Standard operating procedure for XRF has required transportation of the sample to be analyzed, or the material recovered from it, to a laboratory. Relocation can be problematic in some cases, depending on the sample's size or value, or the potential damage that can occur during sample recovery. Recently, a compact, light-weight, handheld, and field-portable XRF unit has been developed that offers new opportunities for nondestructive, on-site sample analysis (Piorek 1997:317).
During the past three years, our research has focused on determining the composition of paints recovered from rock paintings and completing an experimental study involving the creation and application of our own paint (Newman and Loendorf 2003, 2004a, 2004b). We used several analytical techniques in these studies, including inductively coupled plasma mass spectrometry, x-ray diffraction, x-ray fluorescence, Raman microscopy, and scanning electron microscopy. The most persistent problems we encountered were the presence of excessive background rock in the samples and an insufficient amount of paint necessary for successful analyses. Using the portable XRF unit, we hoped to overcome some of the difficulties associated with sample recovery and identification.
Field portable XRF spectrometers are available from a number of manufacturers. We used the Innov-X Systems XT series Model 700. The unit uses an x-ray tube instead of radioactive isotopes, is approximately 1x1 foot, and weighs less than five pounds. It uses a Windows CE software platform with a Compac iPAQ Pocket PC that can be removed for data download. It comes equipped with a minimum element package, but the user can request additional elements. Concentrations of detected elements measured in parts per million are displayed on the analyzer's LCD and can also be viewed as spectra. Collected data are exported to a Microsoft Excel spreadsheet (Innov-X Systems, Inc. 2003).

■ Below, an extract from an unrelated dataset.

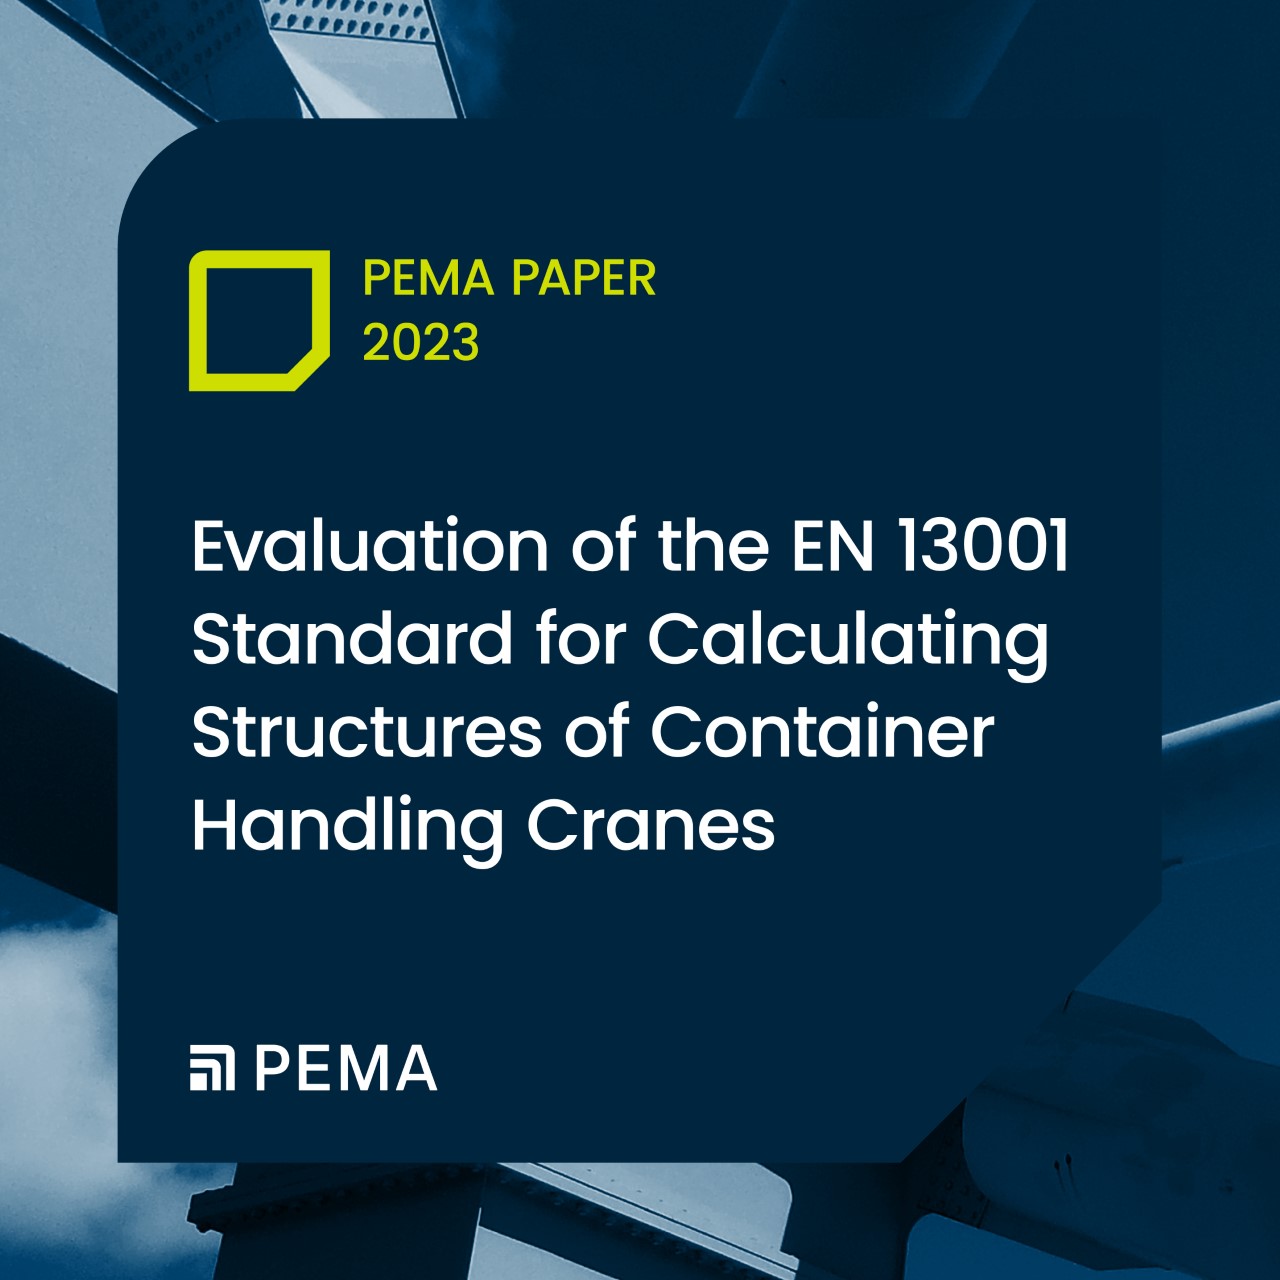 PEMA Published IP27 Evaluation of the EN 13001 Standard for Calculating Structures of Container Handling Cranes

We established three goals for our initial research with the portable XRF unit: to identify the color-producing agent in green paint in Montana and Wyoming rock paintings; to explore the possibility of historic retouching or repainting of some Montana pictographs; and to determine the utility of the field portable XRF spectrometer in the study of rock art pigments.
The research to determine the composition of green paint was conducted at the Valley of the Shields and the Musselshell sites in Montana, and at the Castle Gardens site in Wyoming (Figure 1). …